TASK STATEMENT → In the records that follow, find the line with "Victorian Aboriginal Corporations"; from there, retype every line exactly through the line with "1951 Ford F-1", which also belongs to the answer.

TASK MATERIAL →
=== Begin Enclosure ===
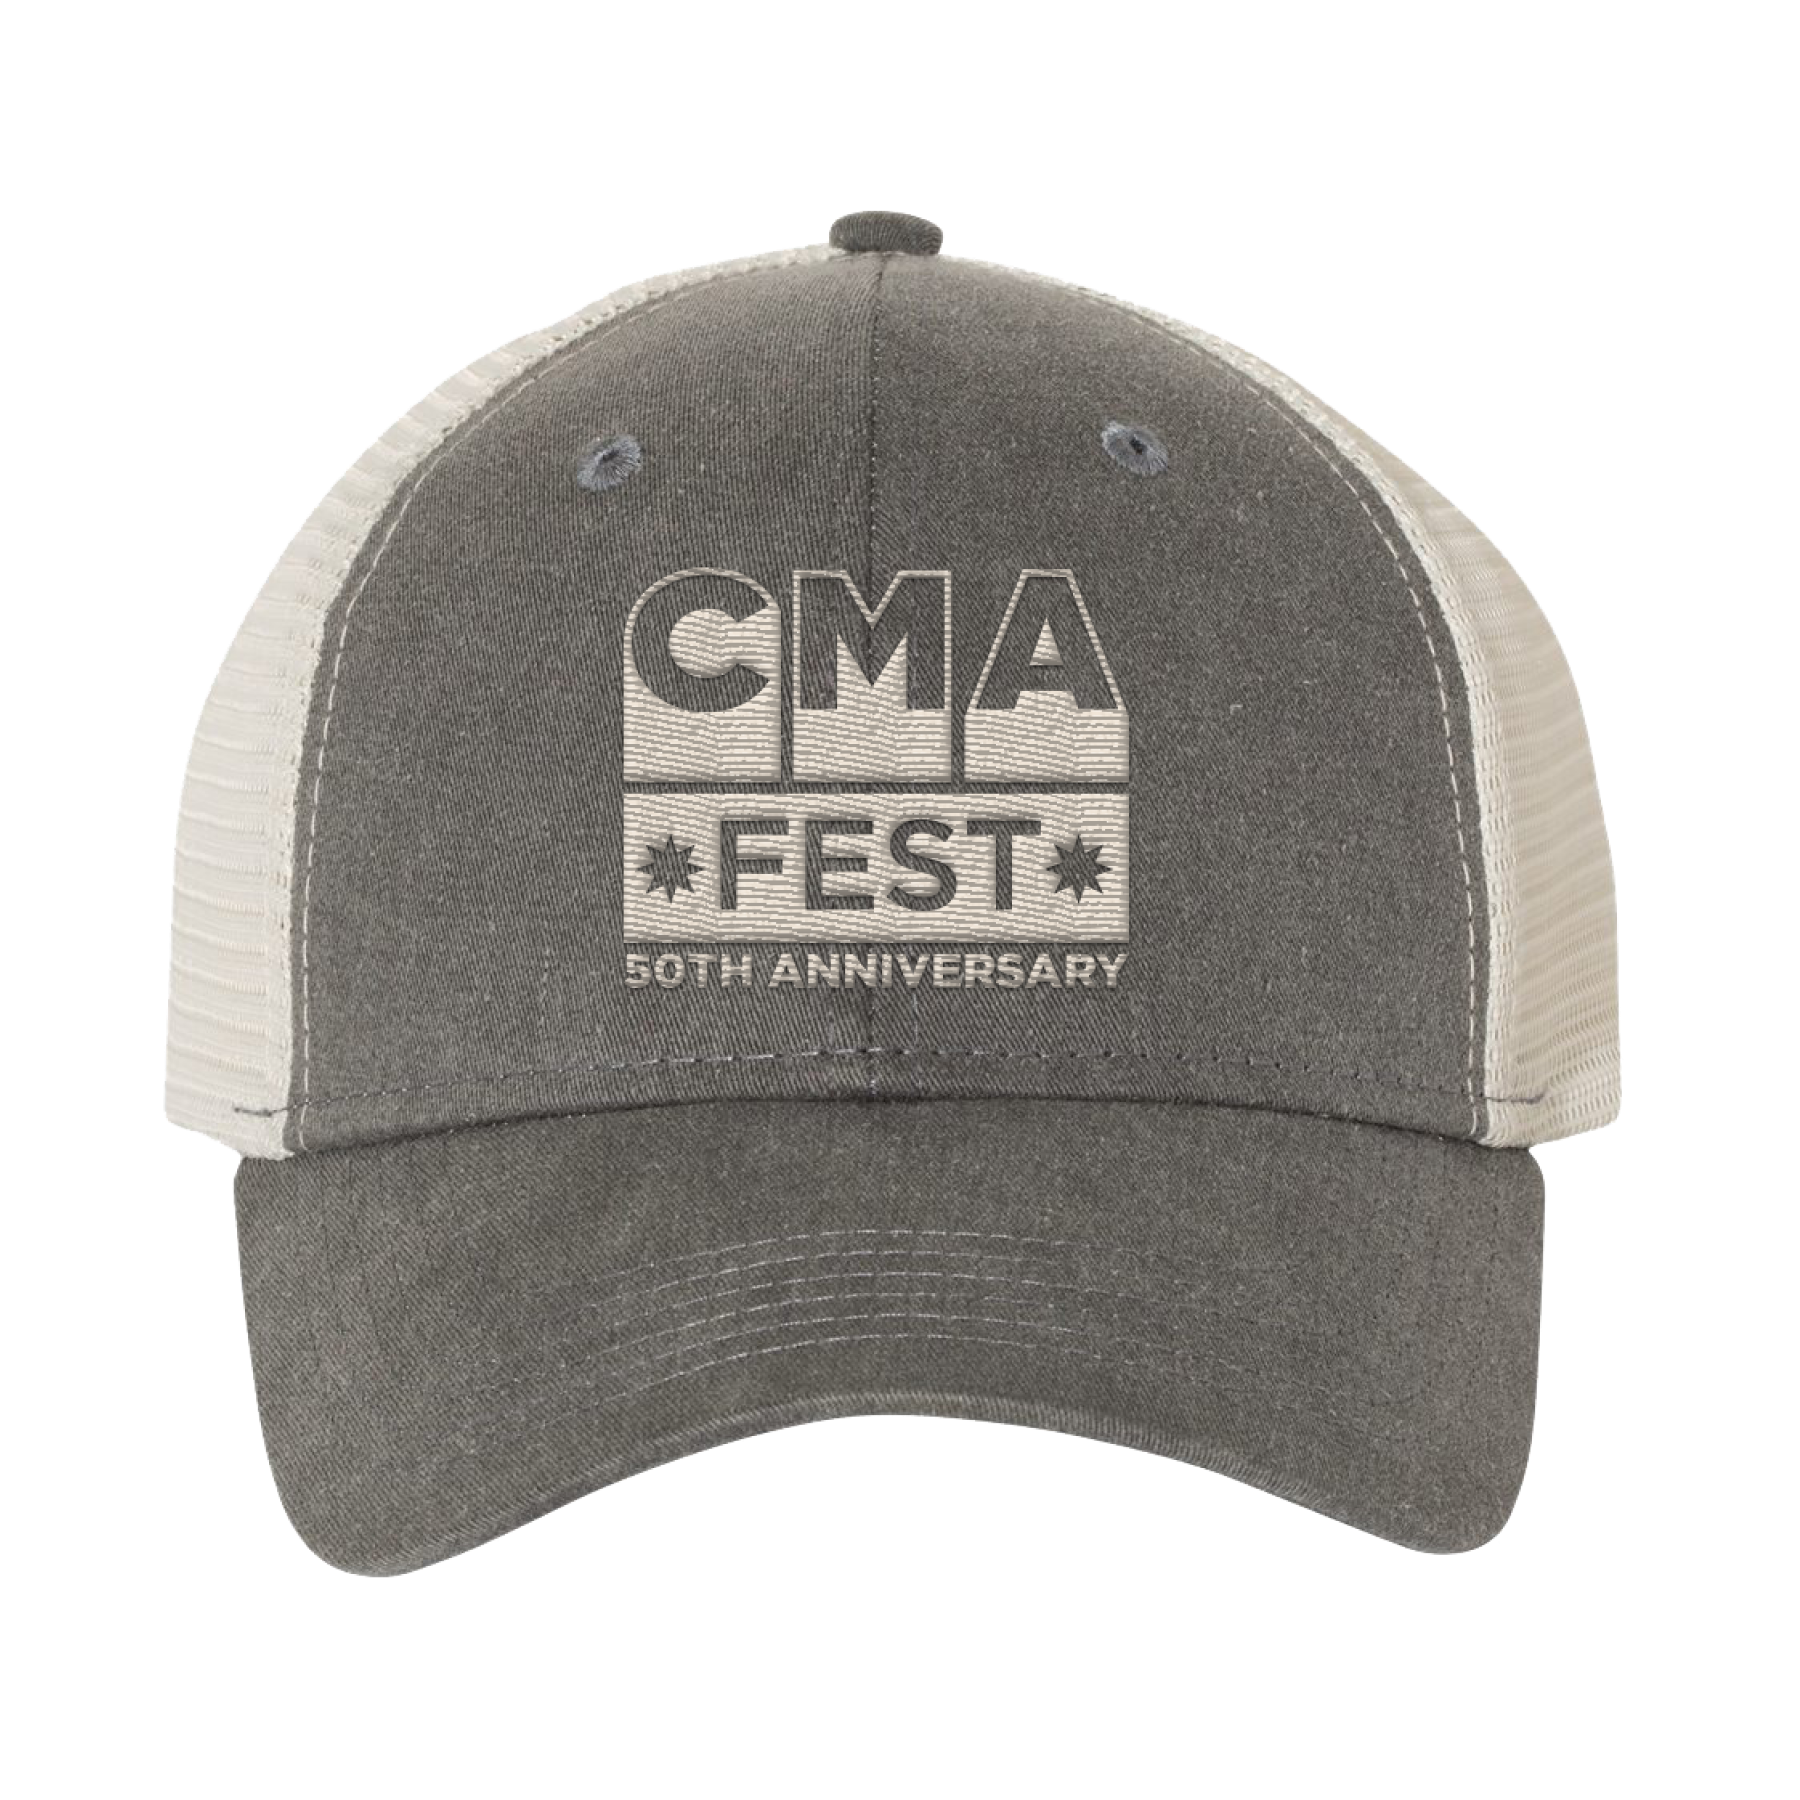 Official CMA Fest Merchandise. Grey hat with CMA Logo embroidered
=== End Enclosure ===
=== Begin Enclosure ===
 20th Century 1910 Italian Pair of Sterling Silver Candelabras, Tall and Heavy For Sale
=== End Enclosure ===
=== Begin Enclosure ===
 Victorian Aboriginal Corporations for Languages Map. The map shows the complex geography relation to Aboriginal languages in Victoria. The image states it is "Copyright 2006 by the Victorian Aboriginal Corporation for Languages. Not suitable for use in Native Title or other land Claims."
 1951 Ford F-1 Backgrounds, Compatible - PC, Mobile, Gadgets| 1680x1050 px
=== End Enclosure ===
RESPONSE AREA →
 Victorian Aboriginal Corporations for Languages Map. The map shows the complex geography relation to Aboriginal languages in Victoria. The image states it is "Copyright 2006 by the Victorian Aboriginal Corporation for Languages. Not suitable for use in Native Title or other land Claims."
 1951 Ford F-1 Backgrounds, Compatible - PC, Mobile, Gadgets| 1680x1050 px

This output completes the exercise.